_Records supplied:_
————————

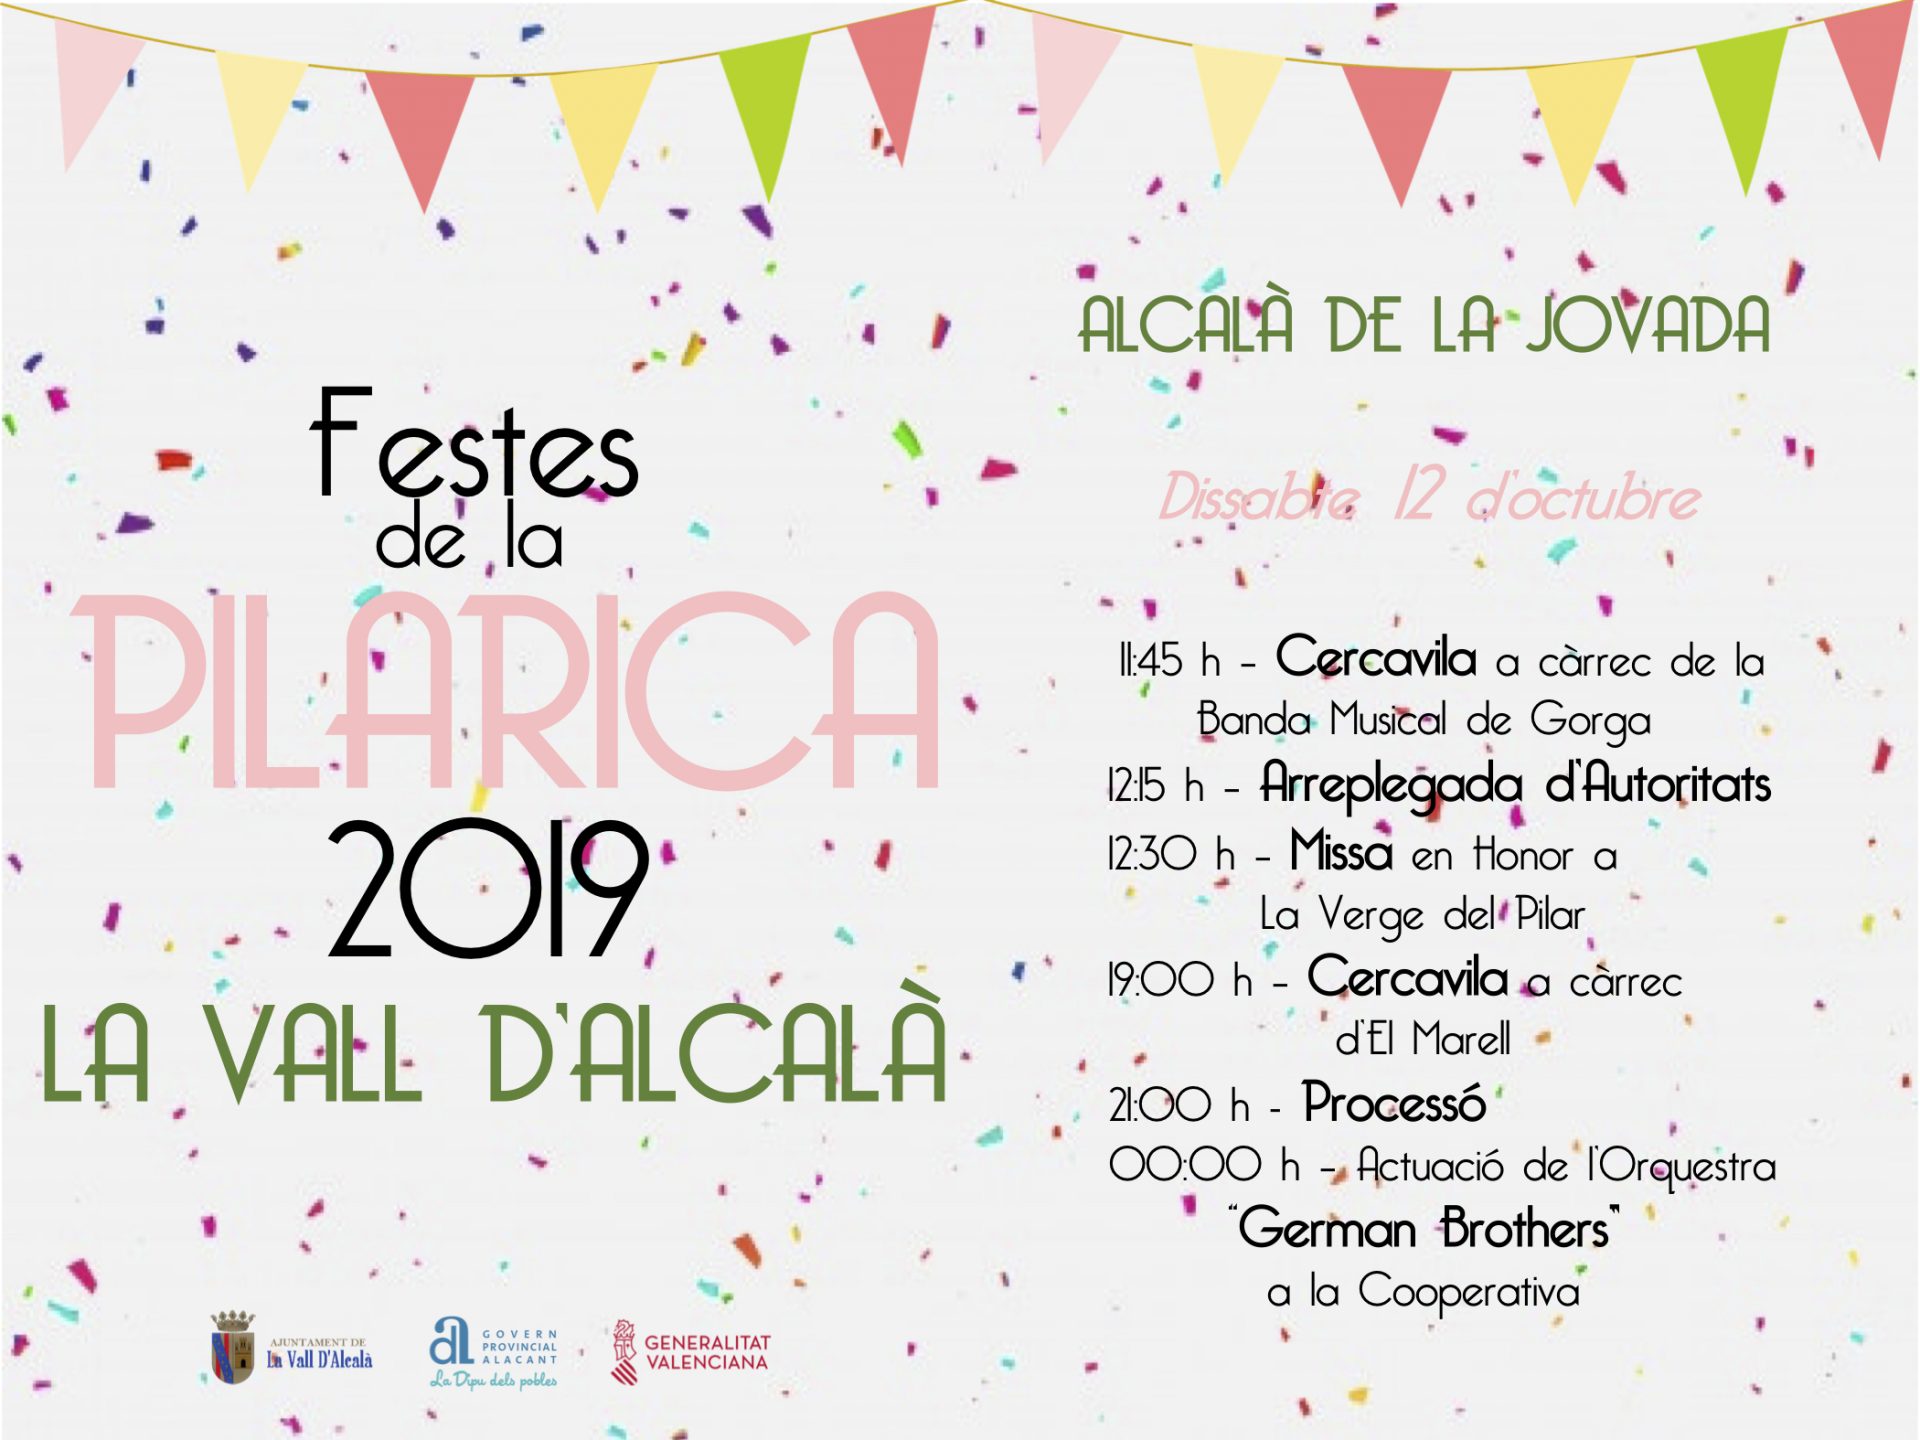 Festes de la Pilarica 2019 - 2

————————

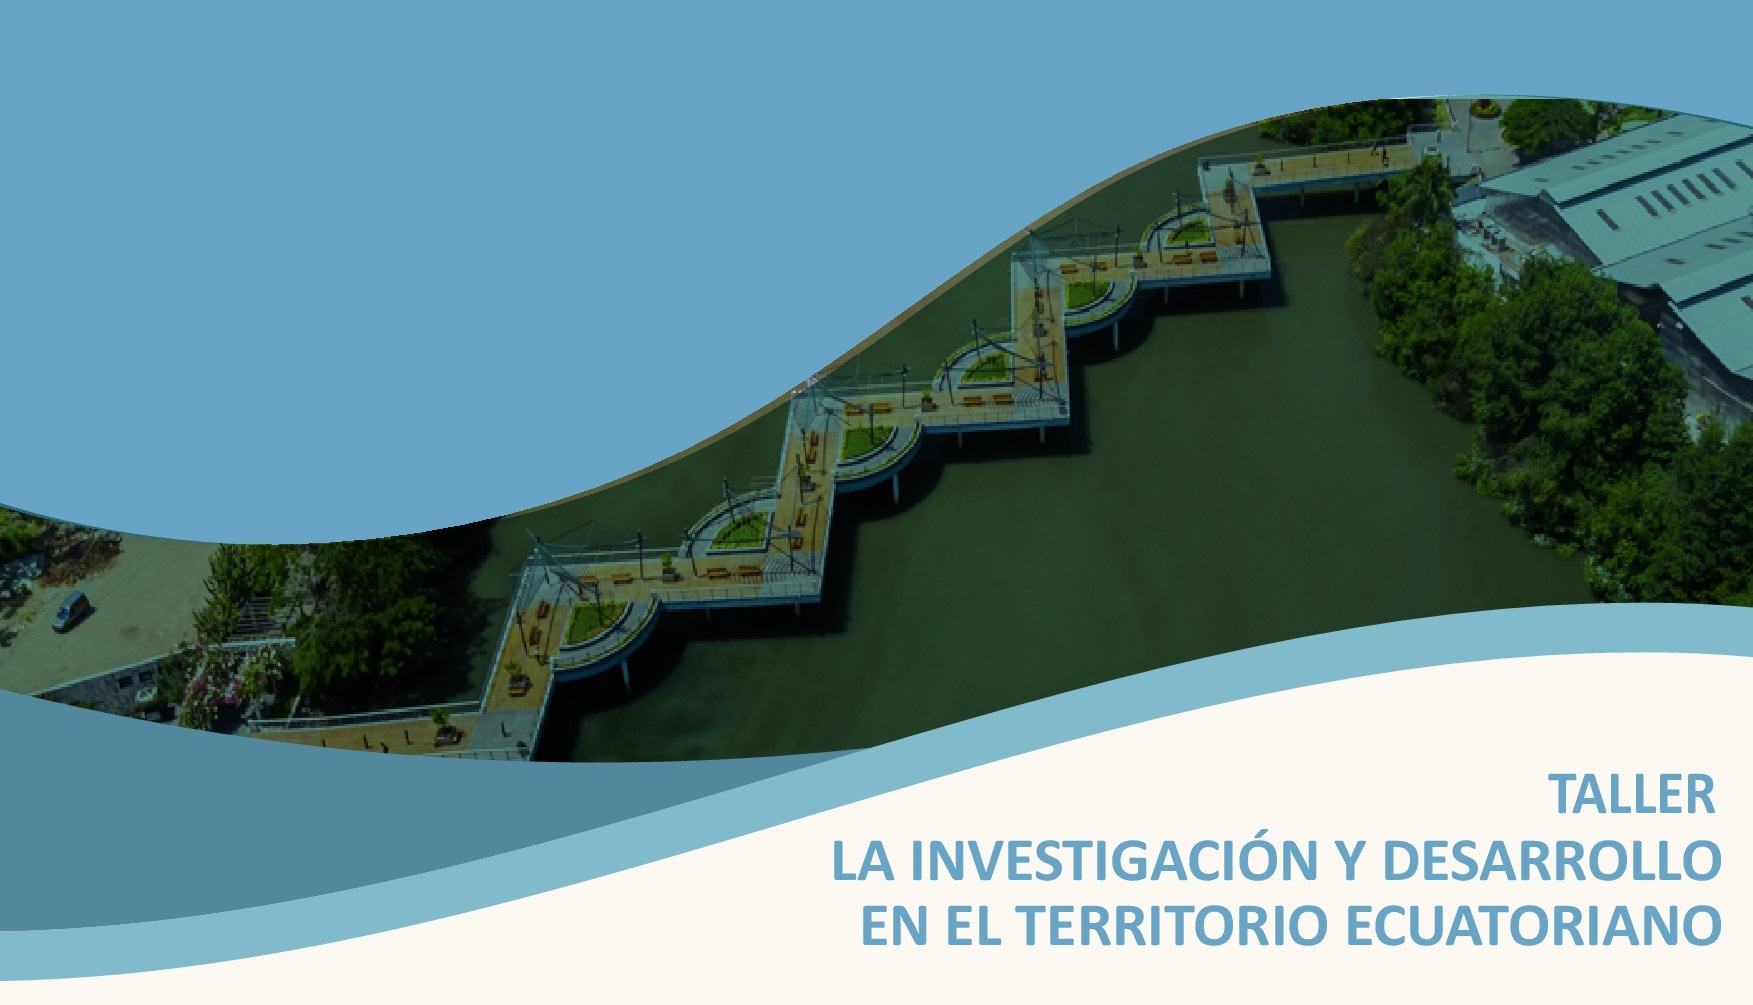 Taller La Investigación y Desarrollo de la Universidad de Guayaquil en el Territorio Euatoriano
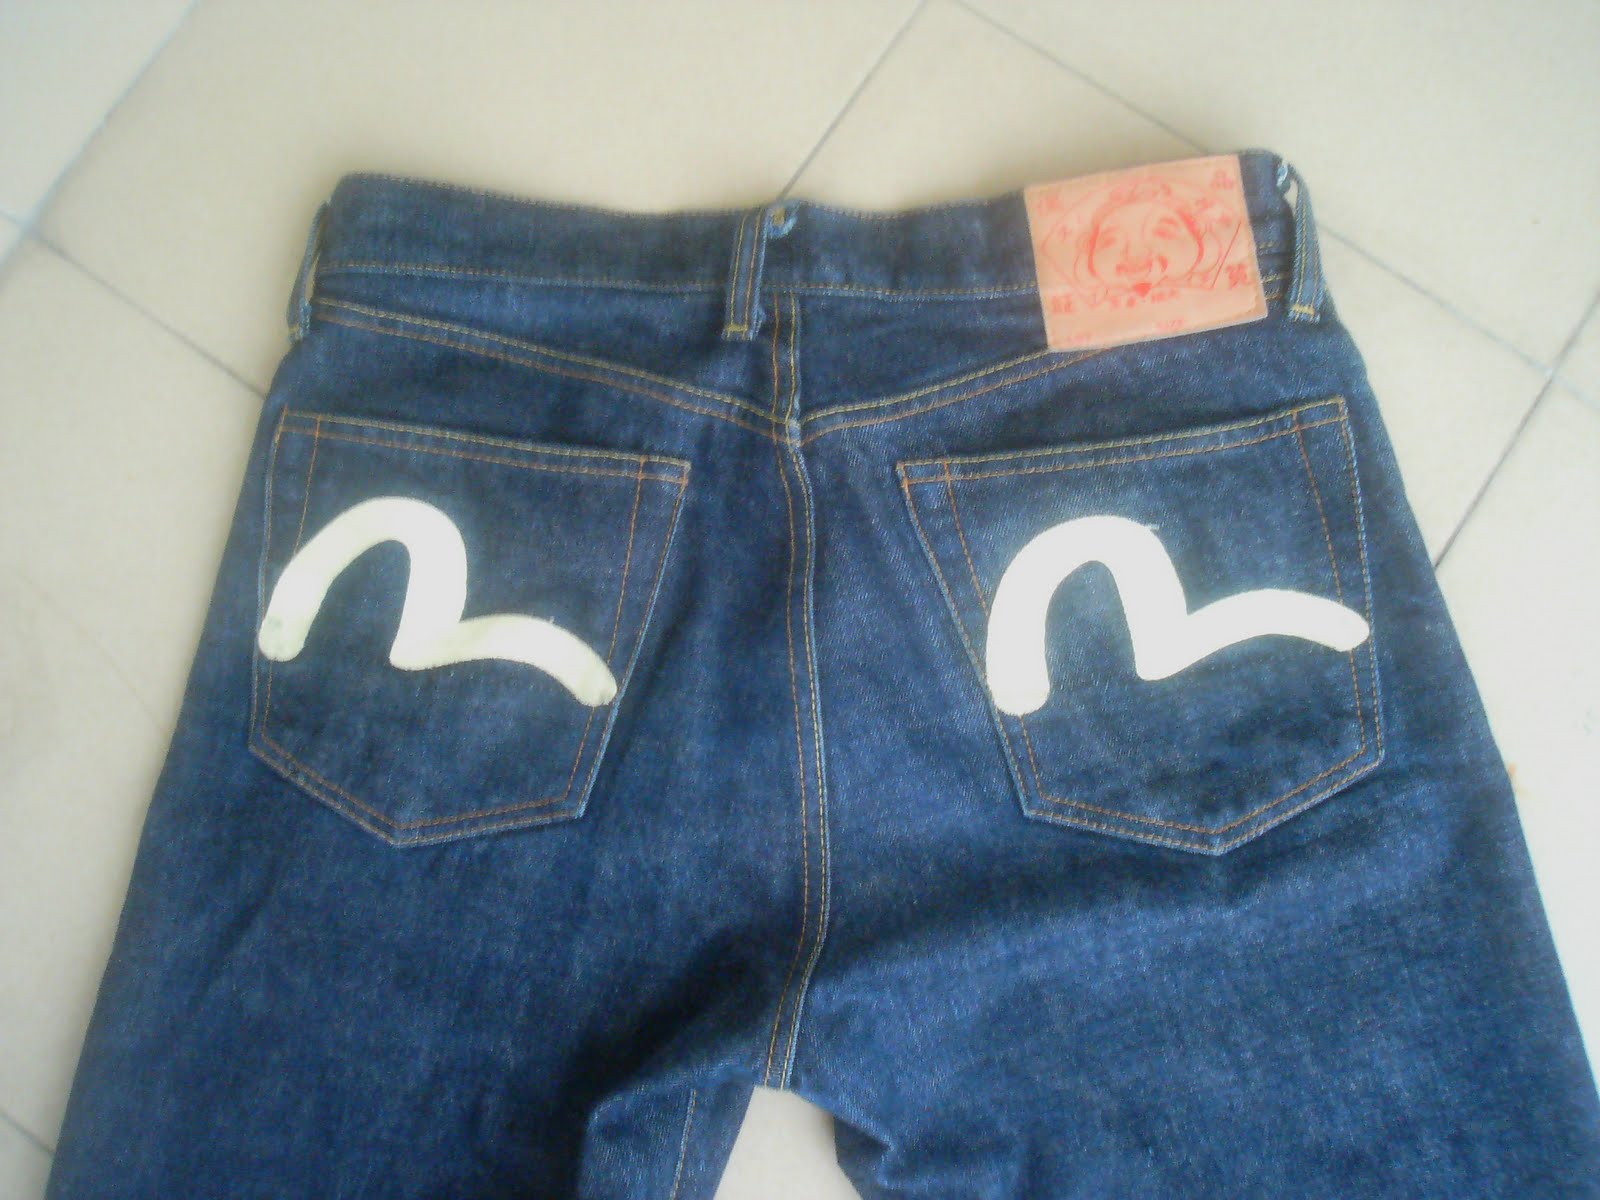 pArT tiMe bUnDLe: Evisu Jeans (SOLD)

————————

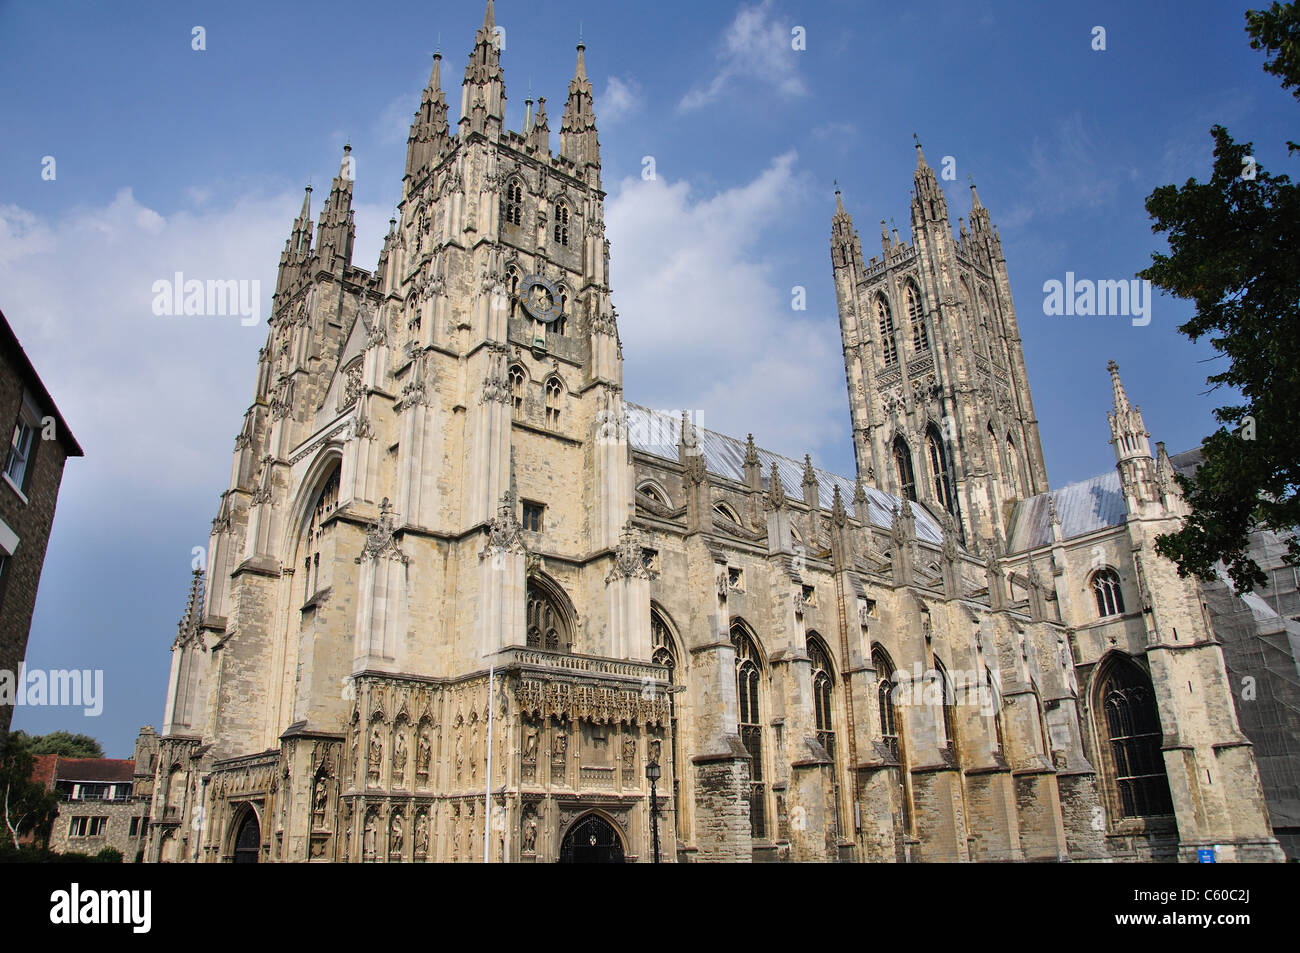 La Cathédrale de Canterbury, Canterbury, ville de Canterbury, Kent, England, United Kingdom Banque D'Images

————————

_Work to be completed:_
Your answer is the exact run of lines above from the one with "Taller La Investigación" through the one with "pArT tiMe bUnDLe: Evisu Jeans (SOLD)", both ends included, minus any picture.

_Output of the exercise:_
 Taller La Investigación y Desarrollo de la Universidad de Guayaquil en el Territorio Euatoriano
 pArT tiMe bUnDLe: Evisu Jeans (SOLD)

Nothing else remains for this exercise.